Deidre had been pretty. Greg hadn’t mentioned her or their troubles when they’d run into each other last week. But then Graham hadn’t given much time to his old friend. He regretted that now. He should’ve gotten that beer Greg had offered, touched base with him. Graham wondered what they’d been like as a couple. What had happened for them to end up as they were now?

He scanned the document at the top of the stack. Divorce papers. No surprise. Their break up was the talk of the town. San Rey was nothing if not a hot bed of rumor and gossip. Nothing happened in this town that every single citizen didn’t know about. That was one of the reasons he’d left, wanting to go someplace where no one knew him, his family, and his screw ups. But the anonymity he’d found in L.A. didn’t shield him from making new mistakes.

With gloved fingers, he lifted a couple of papers by the edge, quickly reading through the settlement negotiations. Deidre had signed them. Greg hadn’t. Was that why she’d come here, to get his signature? He made note of the name of Deidre’s attorney. He’d follow up with him. Greg’s family might know something about the couple and the terms of their divorce if the lawyer wouldn’t talk.

Graham bent and took a cursory look at the contents of Deidre’s purse. There was the usual female junk—a wallet, some lip stuff, keys, a mirror, brush, a couple of receipts, and a prescription bottle of Na-tabs. Whatever that was.

From his crouched level, Graham studied the layout of the room and the position of the bodies. Near the backdoor he noticed some dirt. No, sawdust.

“Got something?” Pax leaned against the doorframe between the kitchen and living room, a little less green than he’d been before.

“Yeah.” Graham stood. “Sawdust by the backdoor. Make sure the team sees that. And don’t lean against the jam. I want this scene as undisturbed as possible. That includes any DNA or outside material that may be on our clothing. Does anything here strike you as odd?”
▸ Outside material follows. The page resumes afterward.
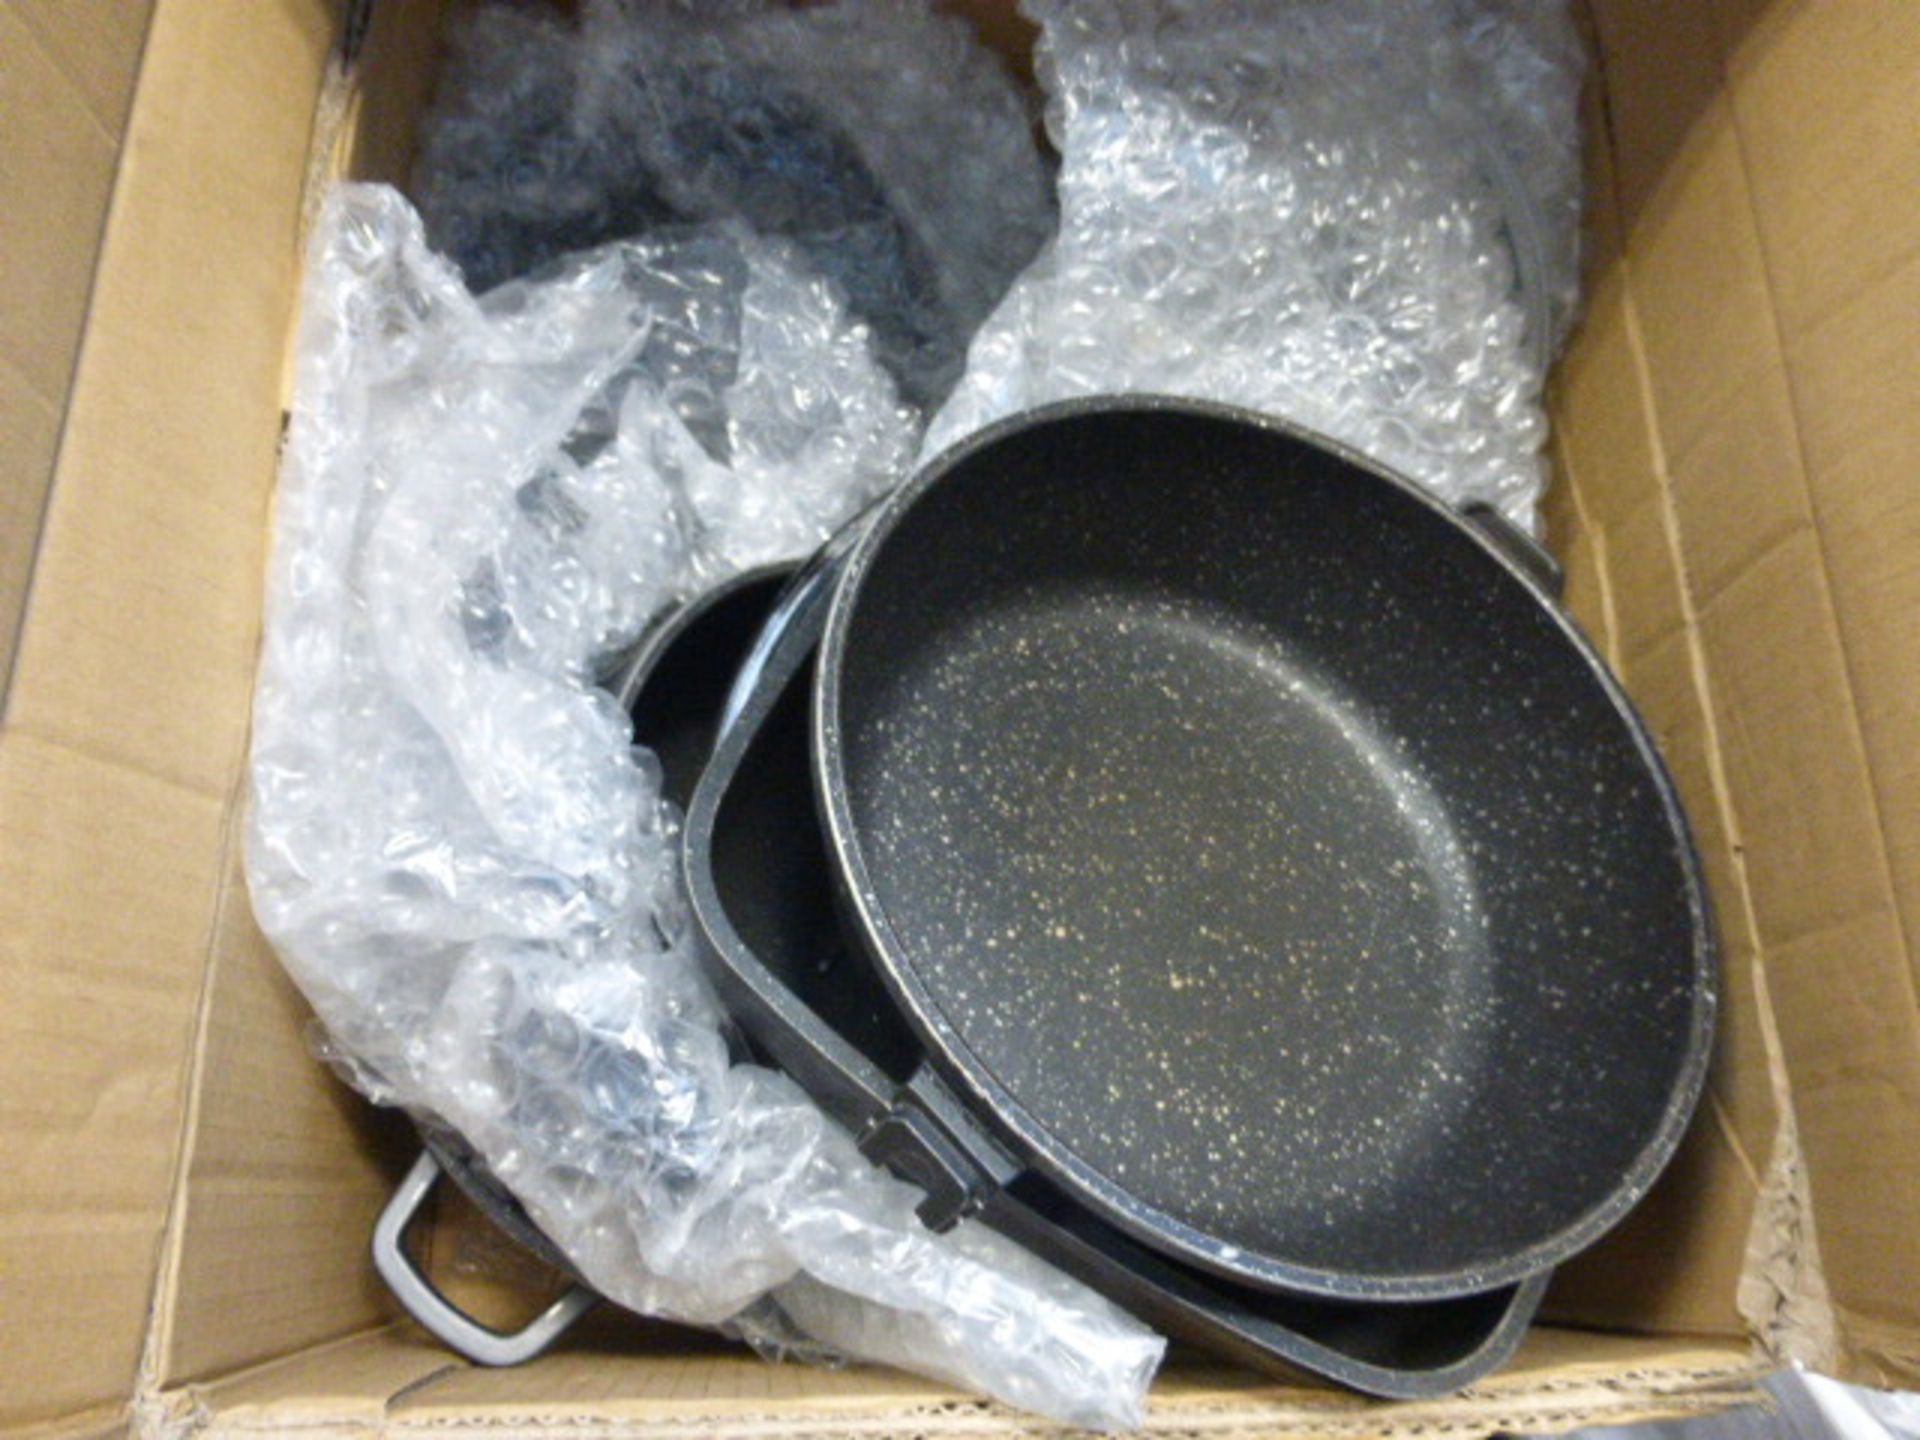 Boxed Kirkland stainless steel cookware set (used)

Pax straightened away from the door. To his credit, he didn’t seem annoyed at being corrected by someone younger with less years on the force than him. Someone who had essentially stepped over him to take the position as sheriff.

“In what way?” Pax asked.

“Why would Greg wait until Erin came in to shoot himself?”
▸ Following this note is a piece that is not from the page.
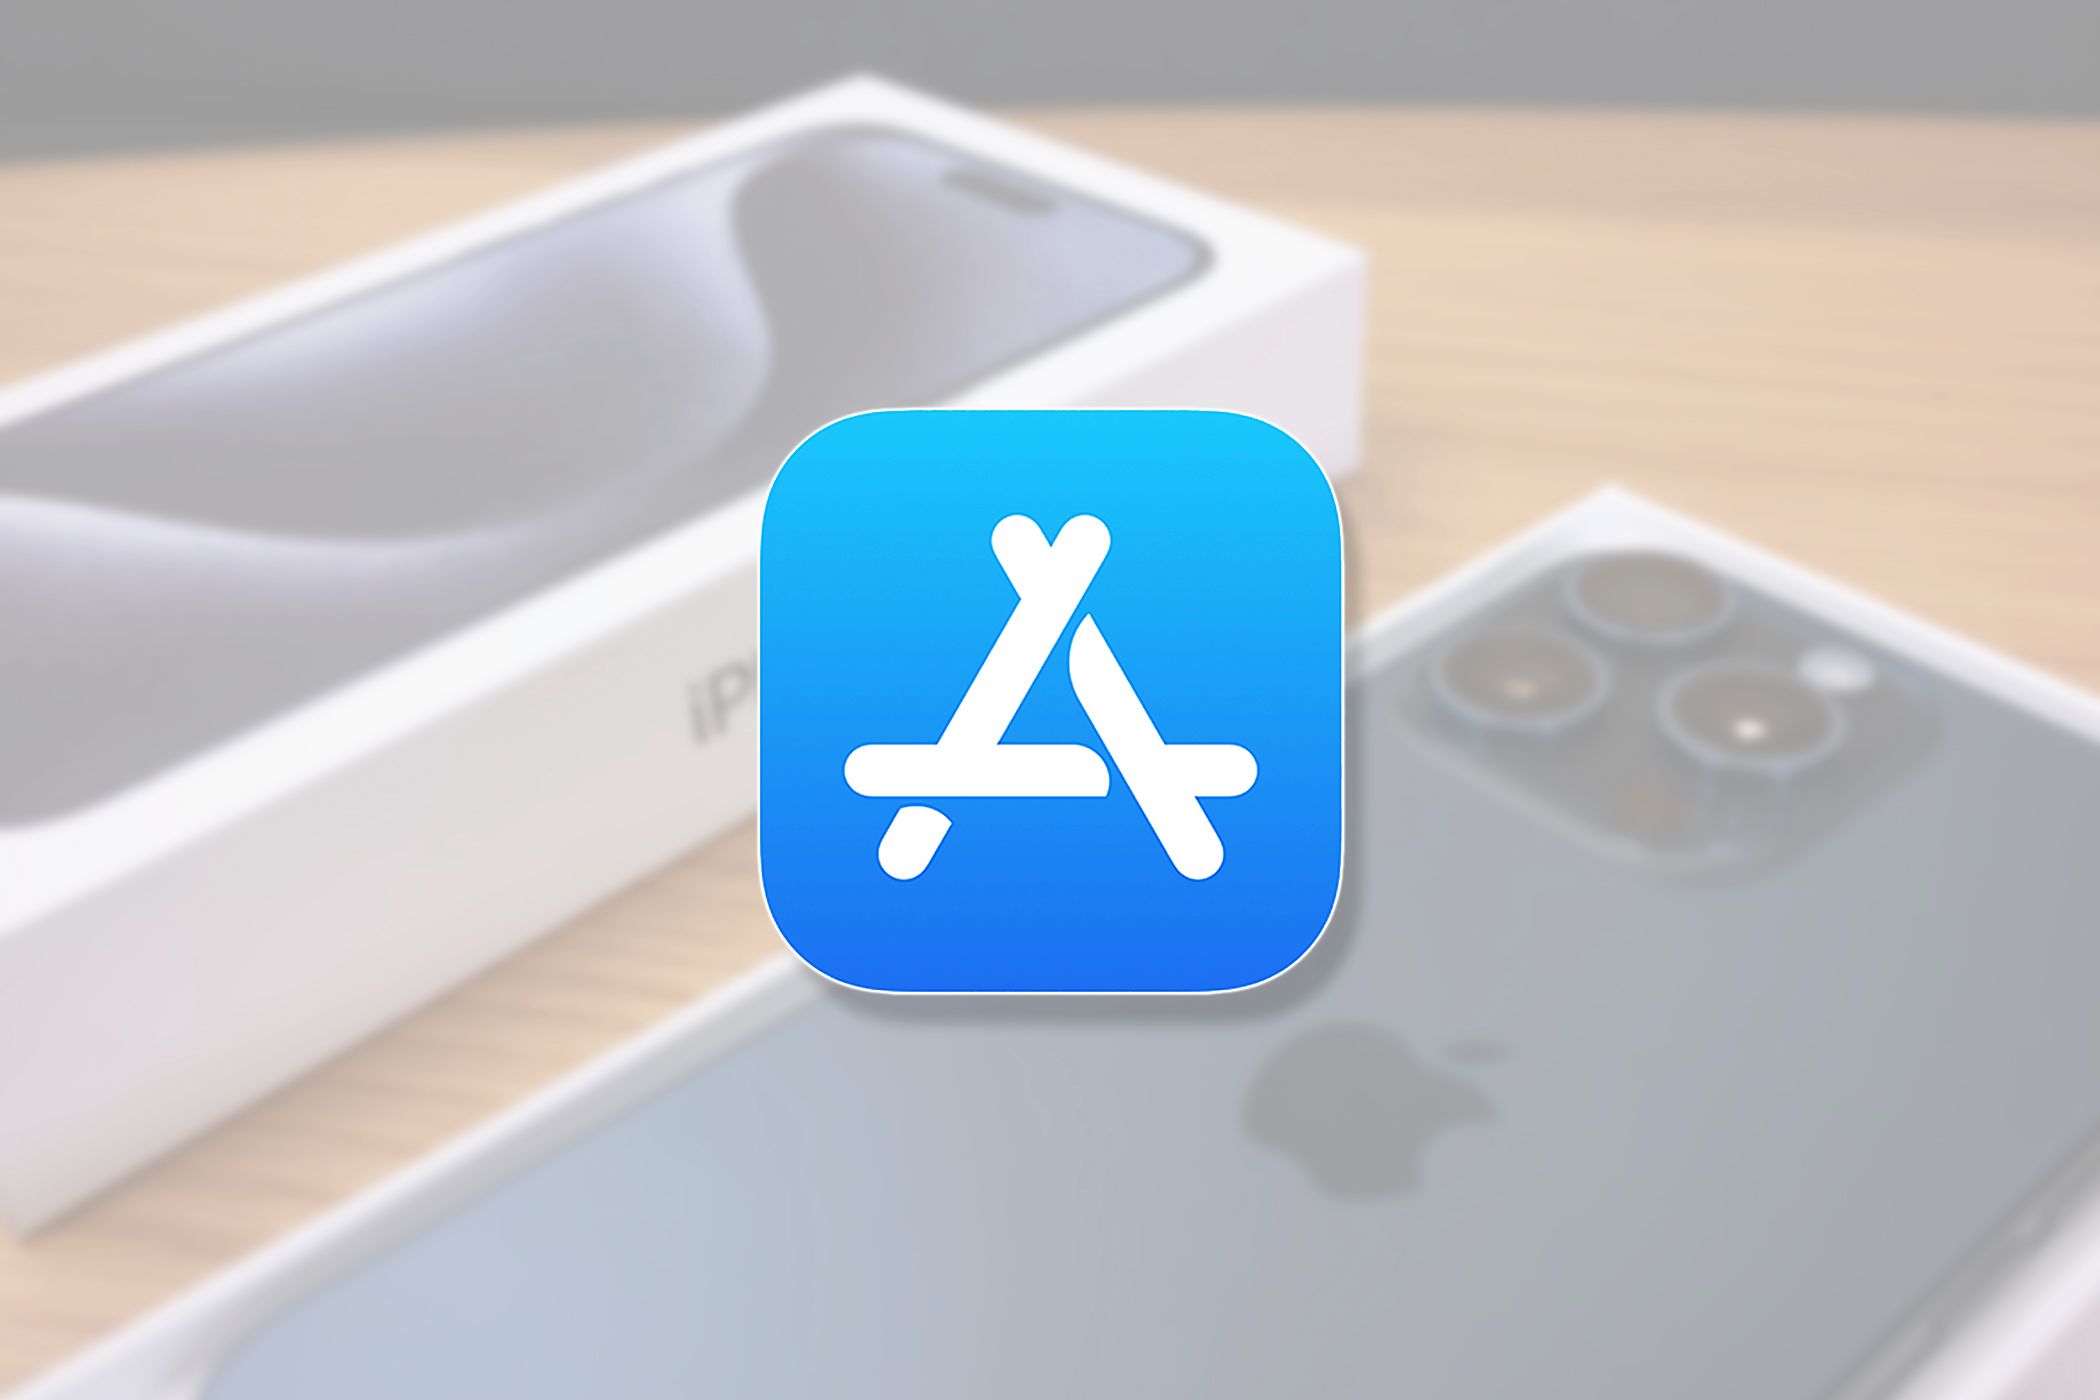 The Apple App Store icon over a photo of an iPhone.

“He’d been busted? Didn’t want to go to jail?”

“Maybe.” He stepped back over to Pax’s side of the room, examining the scene from this new angle. “But Erin said she had to find a key in the pot to let herself in. Greg could have just taken off through the back door, then come in after Erin found the body.”

“I see what you’re saying,” Pax said. He might not have the same crime scene experience as Graham, but Pax was a sharp guy. He would’ve worked through all this on his own if he’d been the one to talk with Erin. “If he came in after Erin,” Pax continued, “he’d throw suspicion off of himself and onto an anonymous someone else. Sweet Jesus. This means we’ve got our self a real murderer. In San Rey.”